Sadly, school fees, car payments and a depleted portfolio put paid to that idea before it was fully thought out, so onwards and upwards, once more into the breach.. and all that.

We kick this year off with the news that short selling is back, Sainsburys have had a record Christmas and plans 4000 jobs in 2009 and we have 'Super Obama' entering the White House ready to splurge to save us all.

Perhaps it will not so bad after all.

Even Neil Woodford at Invesco Perpetual is calling the bottom. He said: "With the sharp falls in the UK and global stock markets in late 2008, the UK market seems to be discounting an outlook which is at least as bad as that which I foresee. Overall UK equity market indices are now lower than 10 years ago and I think there are now good grounds for thinking the overall market has bottomed.
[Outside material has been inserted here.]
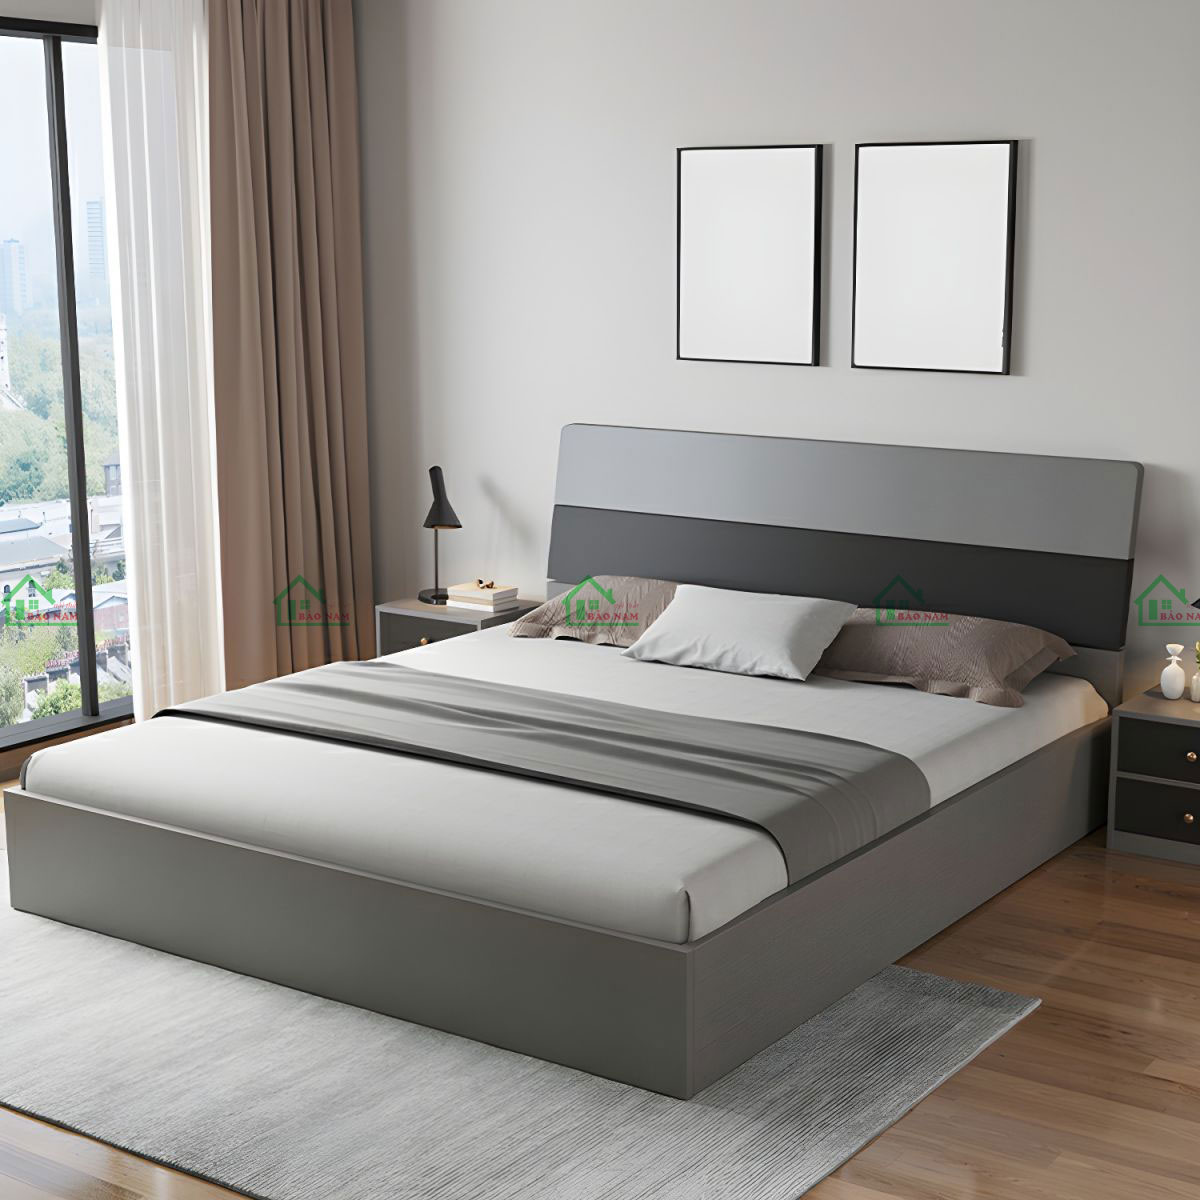 Giường ngủ gỗ MDF màu xám hiện đại
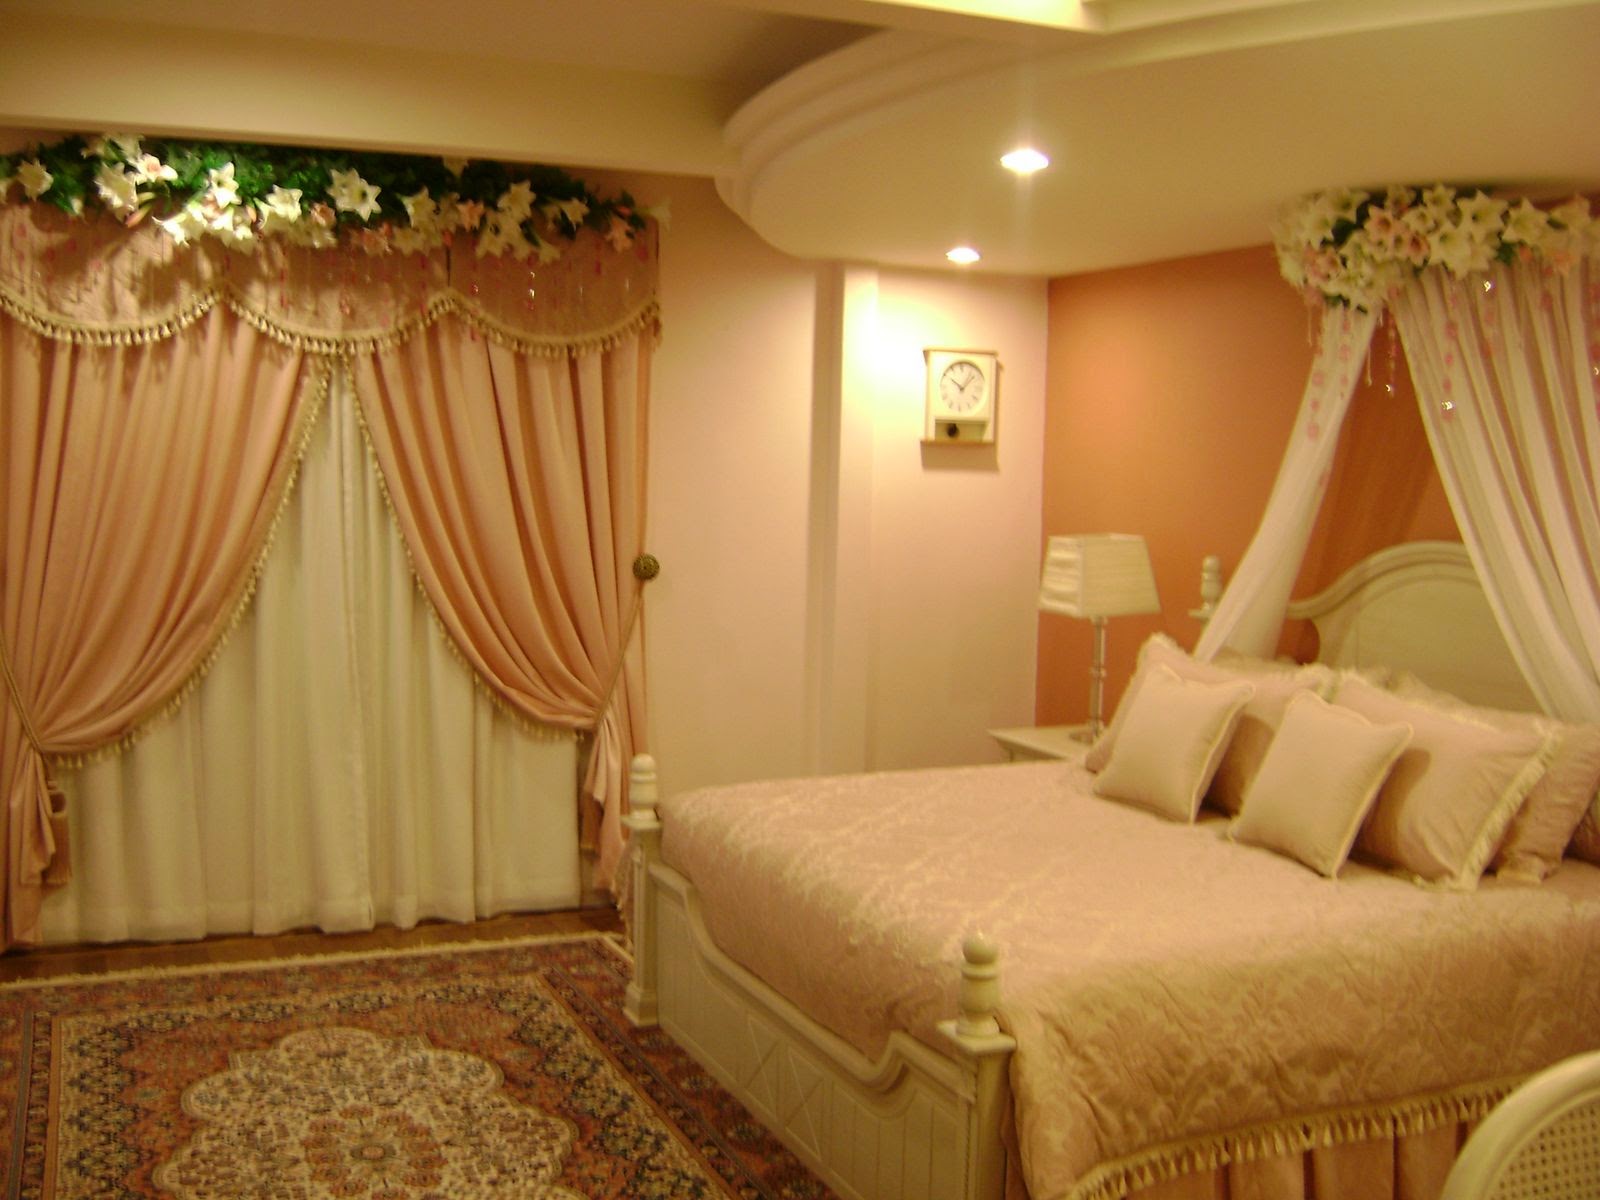 Romantic Bedroom Scenes - Bride And Groom Room Decorations , HD Wallpaper & Backgrounds

"But, as always, it is important to look at individual stocks and sectors and at that level there is some very good value indeed."

After this ray of sunshine he then rains on our parade, he is still pessimistic on the outlook for the wider economy and says there will be significant further bad news in the three interconnected factors of consumer spending, the housing market and economic growth.

"Taking house prices first, we have already seen a drop in average UK house prices of 20pc from the peak level in August 2007. But house prices are still high in relation to average earnings, especially for first-time buyers.

"In the early 1990s the house/price earnings ratio fell very markedly, from almost five to just over three. Even if the fall is not as marked in the current phase of adjustment, it is quite possible that we will see another 15pc-20pc drop in house prices nationally.

"The latest Treasury forecast of a 1pc fall in GDP in 2009 looks far too optimistic. Furthermore, the recovery from that is unlikely to be a sharp, V-shaped one. With consumers and banks deleveraging and with the prospect of a very large government fiscal deficit, the recovery after 2009 is likely to be pretty anemic."

Even the prospect of Obamanomics is overshadowed by his desire to reign in Wall Street."Wall Street has not worked," Obama told CNBC's John Harwood in an exclusive interview. "So it's going to be a substantial overhaul. We're going to have better enforcement, better oversight, better disclosure, increased transparency.

It seems to me that President Elect Obama is a sensible guy and has a team around him that know what they are talking about. I do hope, however, that he and his team don't pander to the wider public and throw regulations at the market without thinking them through. You may wonder why I would be worried about this, well, it seems to me that whatever Obama does in the US will be mirrored over here in some way shape or form.

If you are not concerned, imagine a Euro Sarbanes-Oxley act here (more than likely called Sarkozy-Merkel here). Bye, bye IPO's, hello massive regulatory cost hikes. Compliance consultants and accountants would be happy; pretty much everyone else would get screwed.

We have seen the shape of things to come with the short selling ban. As much as it pains me, I would argue that the move to ban short selling in banks was the right decision at the time, it was special circumstances.

Problem is, now idiot Politicians who catch CNBC for a few minutes a day in their Parliamentary offices, think that they are market experts. This 'expertise' now leads them to believe that short selling is evil and the cause of the world's problems. Their constituents believe this because they have read the 'City' pages in their favorite red-top, and suddenly we have a love-in that ends in some unworkable, ridiculous rules.

Imagine if short selling were completely banned, how long would it be before the hedgies and the wider investment community would find a way of being able to exploit a one sided market. Pushing stocks to incredibly high levels without the fear of shorters spoiling the party. Enter a second Internet bubble type market. Not good for anyone.

This year could be a write-off, it could be a sobering reminder that times can't always be good, it might even show how resilient the world economies are as we shrug off the recession in the last quarter but one thing it will definitely be is 'The Year Of The Regulator'.